Advertisement

State to Begin ‘Family Cap’ on Welfare

Share
TIMES STAFF WRITER

State welfare officials prepared Monday to implement one of California’s most sweeping and controversial welfare reforms after President Clinton approved letting the state drop additional cash payments for welfare families that have more babies.

The so-called “family cap” is aimed at discouraging births out of wedlock and is based on a view that “if you have additional children while you’re on welfare, it shouldn’t be the state’s obligation to pay for them,” said one Clinton Administration official.

Welfare advocates contend, however, that the program is based on the faulty assumption that some poor women become pregnant in order to receive more welfare money. They say the program will simply deprive poor children of proper care.

Advertisement

Aides to Gov. Pete Wilson said Clinton’s announcement was welcome. But Wilson, who has embraced a conservative package of welfare reforms as a cornerstone of his term as governor and his presidential race, blasted the President for offering too little, too late.
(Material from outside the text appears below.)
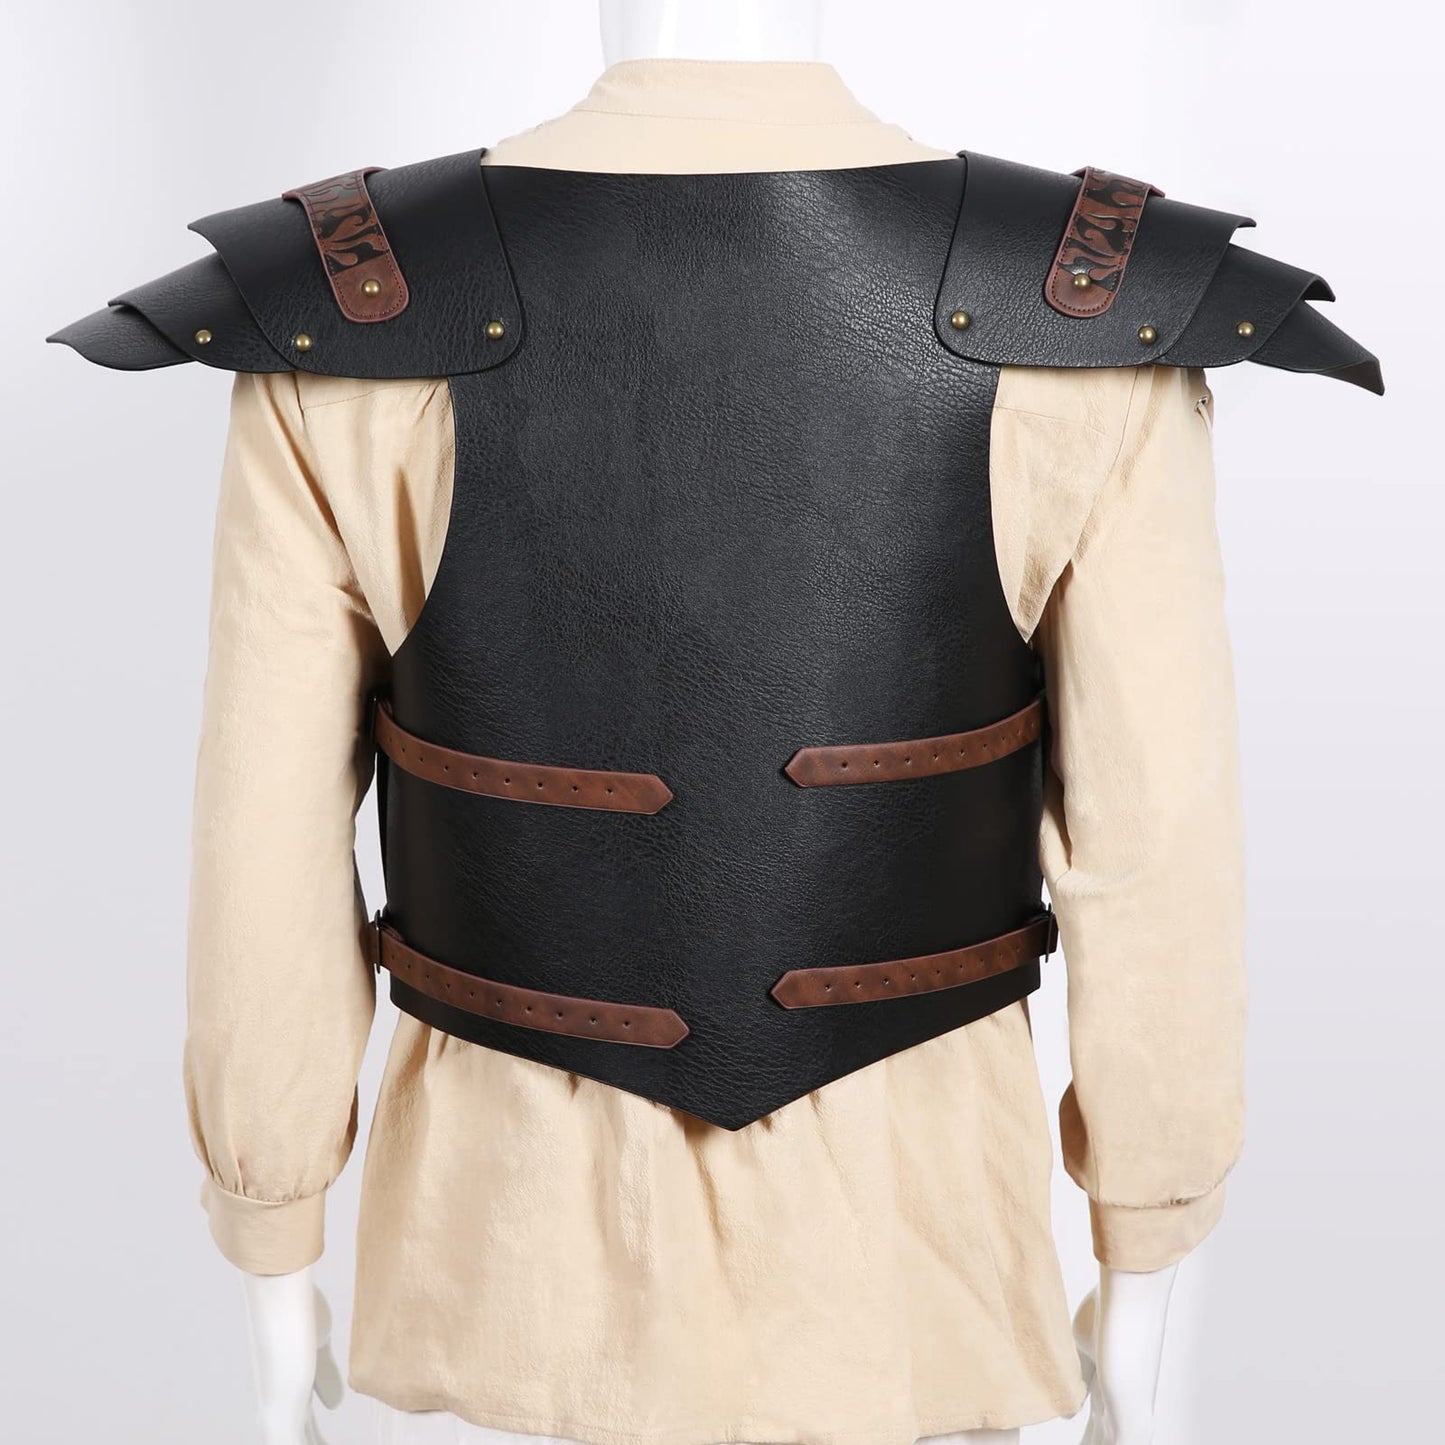 HZMAN Viking Warrior Chest Armor Medieval PU Leather Vest

Clinton on Monday approved two of the five requests for welfare reforms that California has pending before the federal government. He made the announcement during a speech to the National Governors Assn. convention in Burlington, Vt. Together, state officials say the five reforms would save California taxpayers more than $1 billion a year.

Wilson complained that Clinton has been slow in approving the changes, costing California millions of dollars. The governor also said he does not believe the state should be required to negotiate changes.
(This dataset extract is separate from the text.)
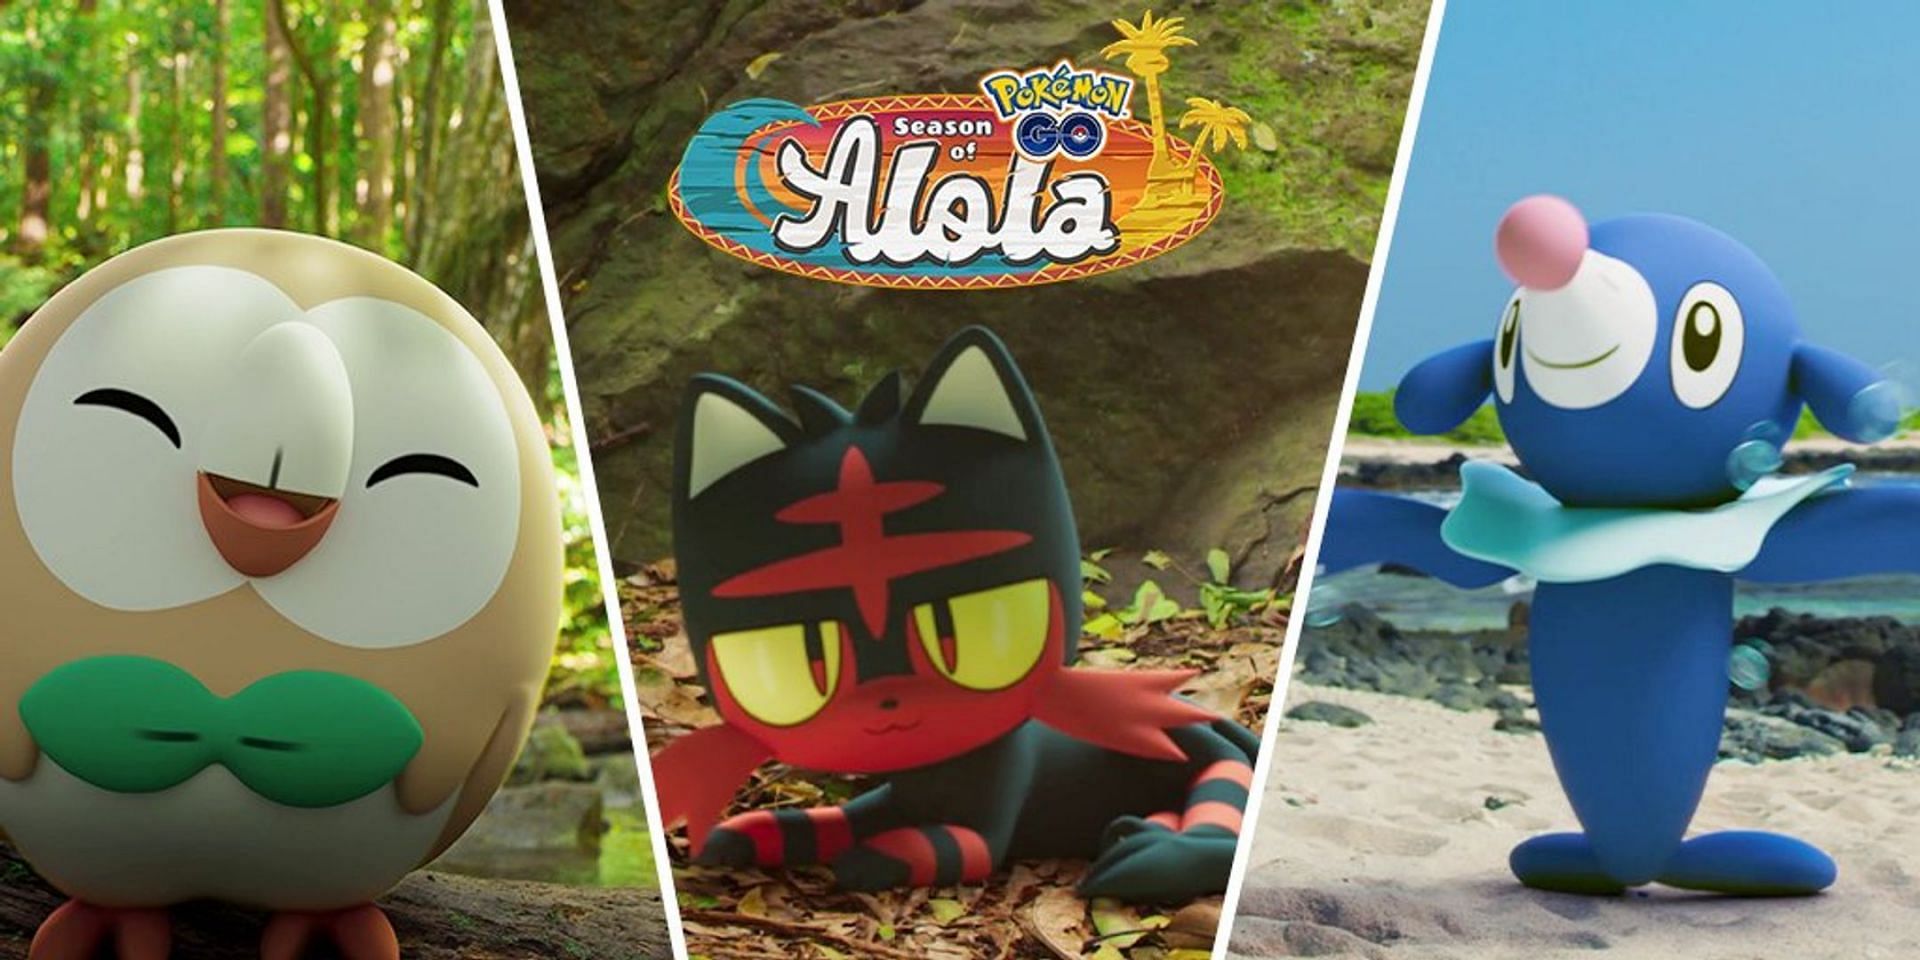 Official artwork for Pokemon GO&#039;s Season of Alola event (Image via Niantic)

“The President has spent too much time inside the Beltway and must have forgotten his experience as governor,” Wilson said Monday. “States are not colonies of the federal government. They should not have to come groveling to federal bureaucrats 3,000 miles away to decide the best course of action at the state and local levels.”

The family cap has been adopted by six other states since New Jersey first received permission from the George Bush Administration to use it in 1991. In California, it was part of Proposition 165, a welfare reform ballot measure that was rejected by voters in 1992.

The idea was subsequently rejected by the state Legislature twice before it was finally approved last year.

Advertisement

With the federal clearance announced by Clinton on Monday, state officials said they will soon begin to send out announcements to welfare offices about the pending implementation of the plan. The program will become effective about 10 months after the notices are posted in order to avoid penalizing any women who become pregnant before the plan’s activation.

State officials estimate that the program will save California about $213 million annually beginning with the 1997-98 fiscal year.

In addition to approving the family cap, Clinton also tentatively granted California’s request for a waiver from federal welfare rules in order to provide a package of incentives to encourage welfare mothers to get married and gain employment.